On a normal day before the virus struck, the team at the Medical Examiner’s Office would see between five and 15 dead bodies.

But when the pandemic picked up speed back in the Spring - with the New York City Region becoming one of its epicenters - the numbers shot up.

“We ‘wound up getting trailers in the back of the building because we didn’t have room for all the bodies,’” Vikara recalls. “Our ‘highest count was (222) bodies at one time.’”

As Vikara confronted a situation he could never have foreseen, the one thing that didn’t change was his commitment to his job, his colleagues and the community he serves, according to Vikara’s colleague, Giorgio Mutino.

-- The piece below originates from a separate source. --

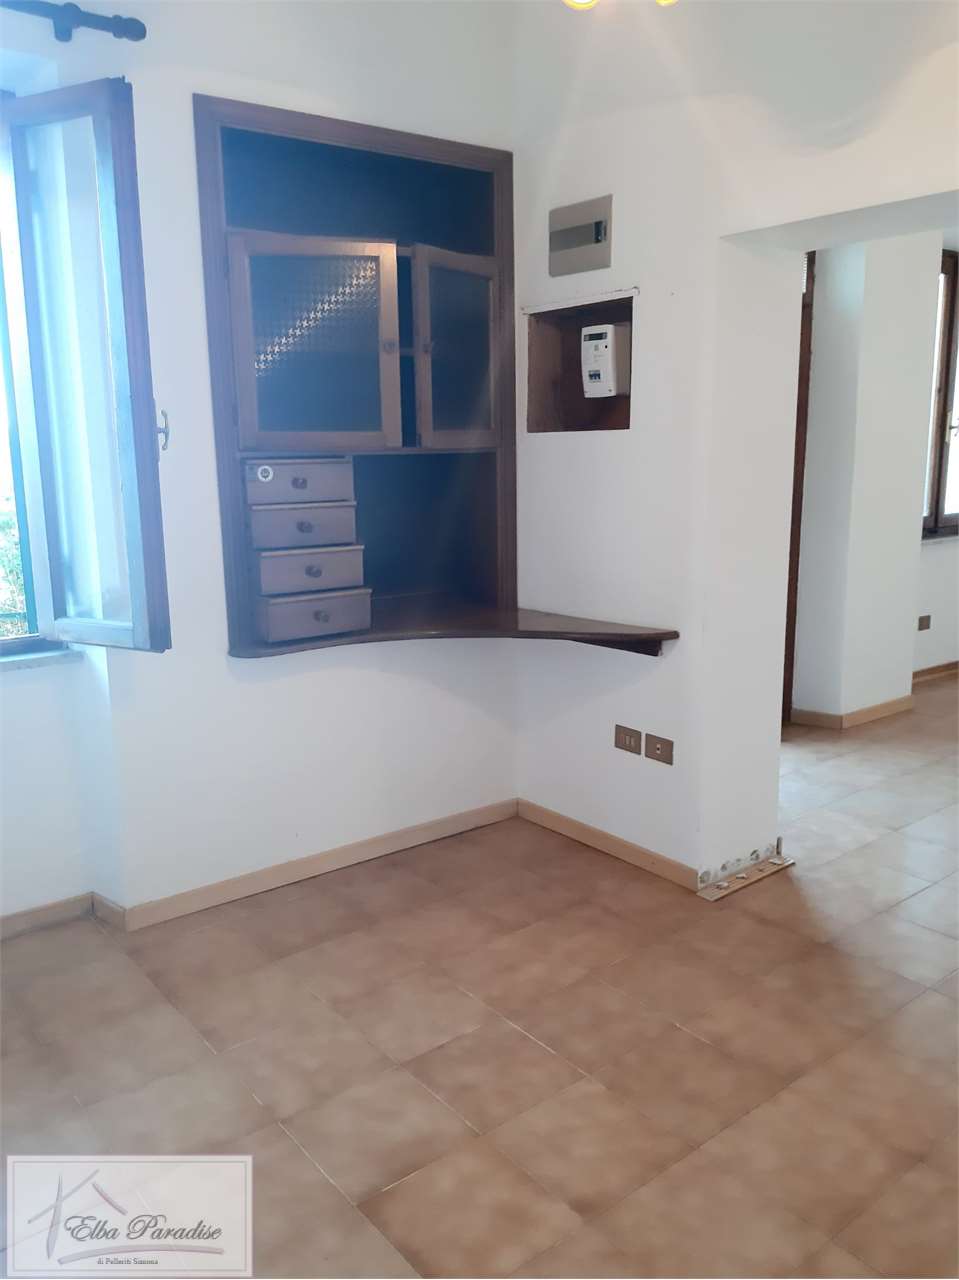 Appartamento in vendita a Capoliveri, 4 locali, zona Località: Zona centrale, prezzo € 198.000 | PortaleAgenzieImmobiliari.it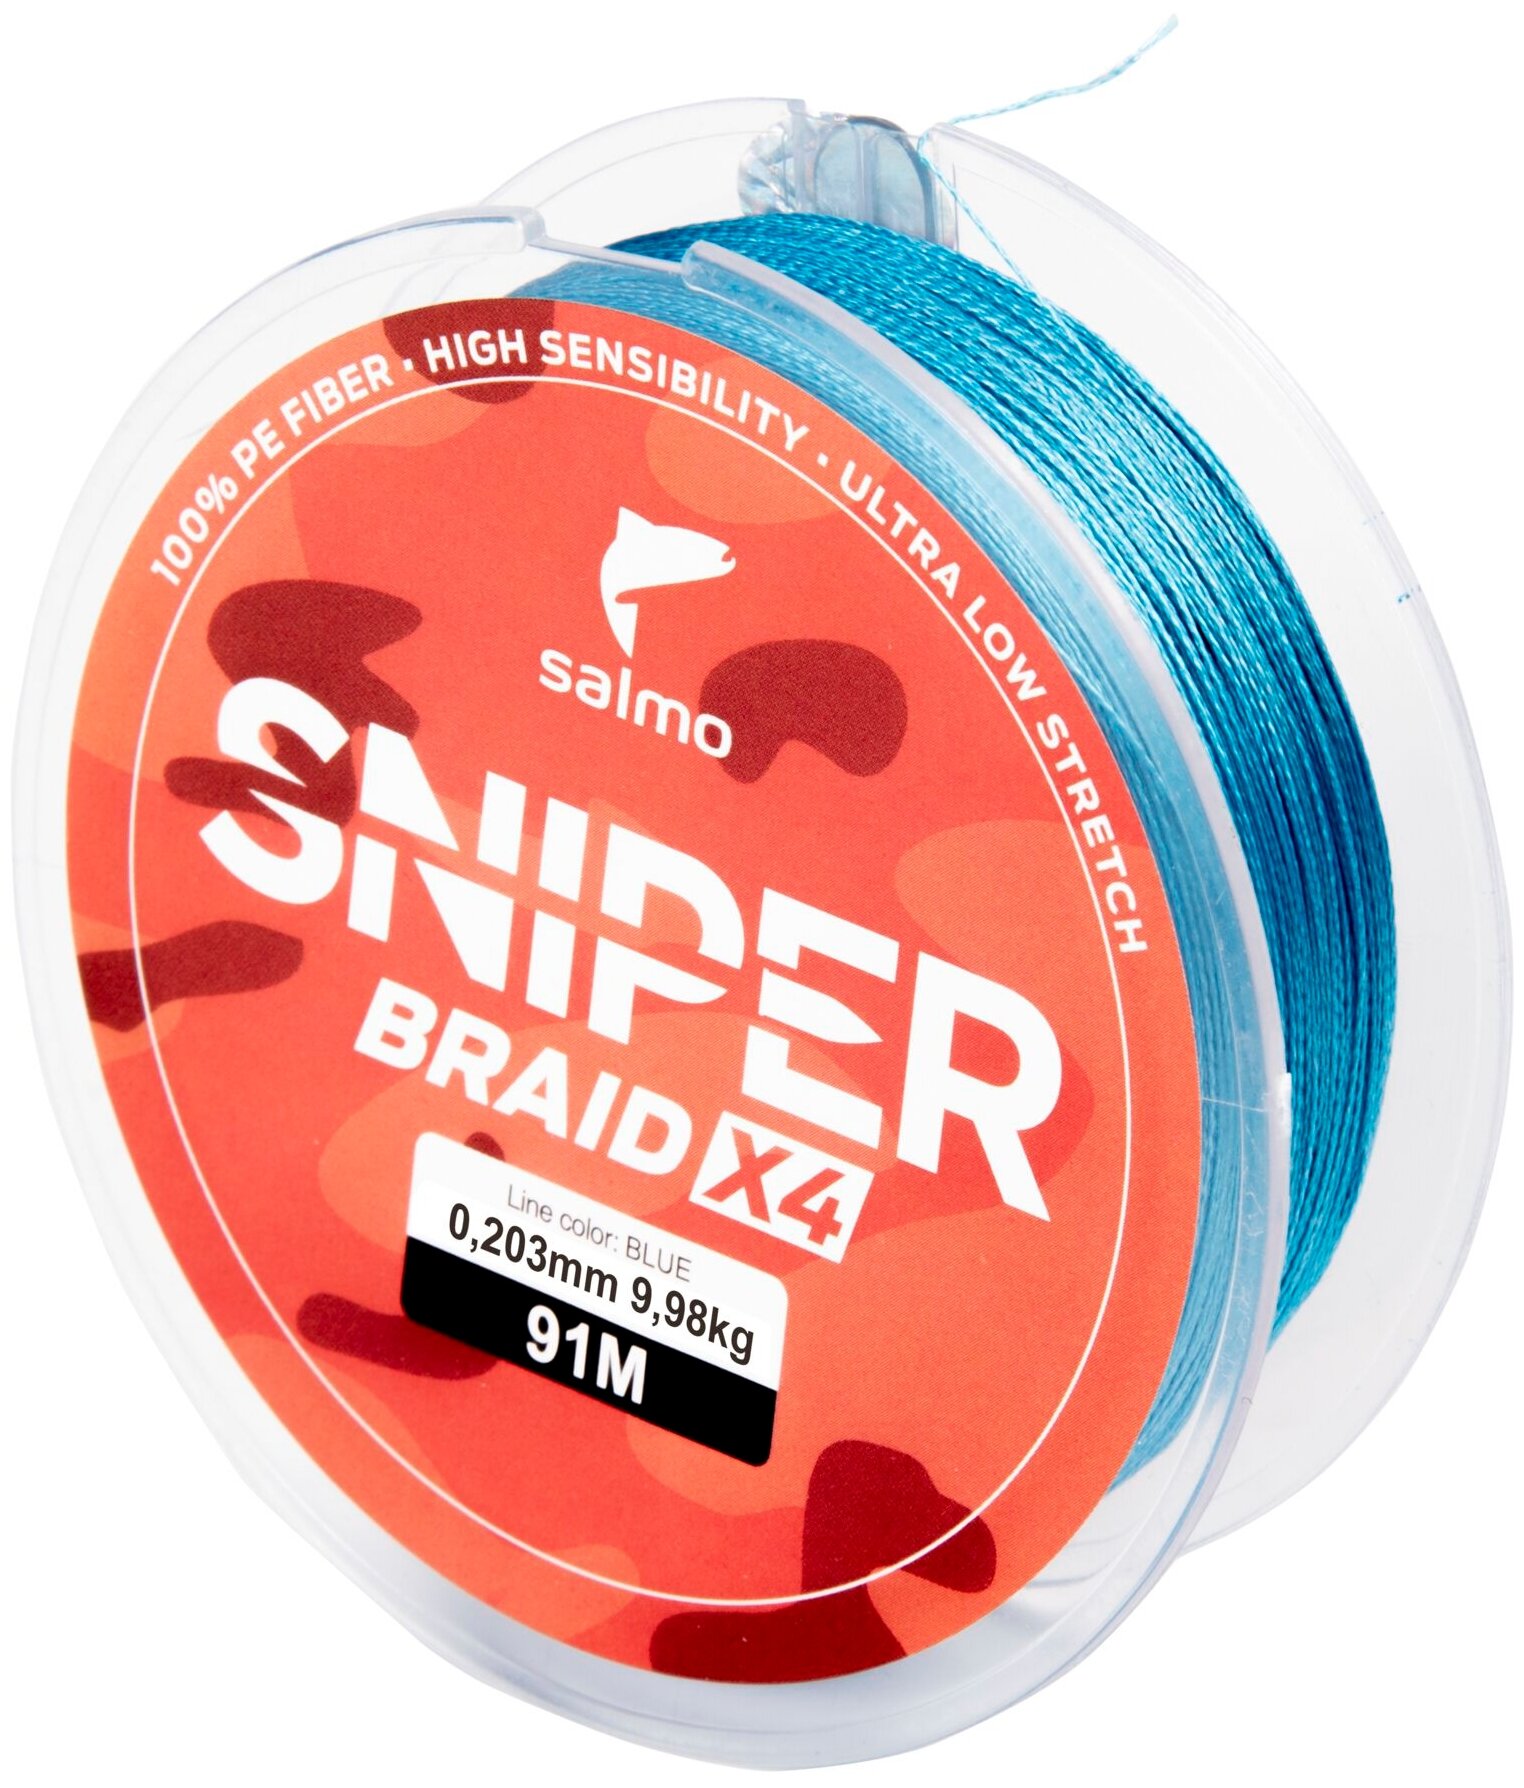 Плетеный шнур Salmo Sniper Braid 4X

“There ‘were so many deceased bodies coming in at any one time and Mike was constantly there,’” says Mutino, who also serves as P president of the Medical Examiner’s Unit of Local 830. “He has ‘stepped up above and beyond what he needed to do.’”

For his service to his community, Vikara is a winner of AFSCME’s Never Quit Service Award, which recognizes Public Service Workers who go above and beyond the call of duty.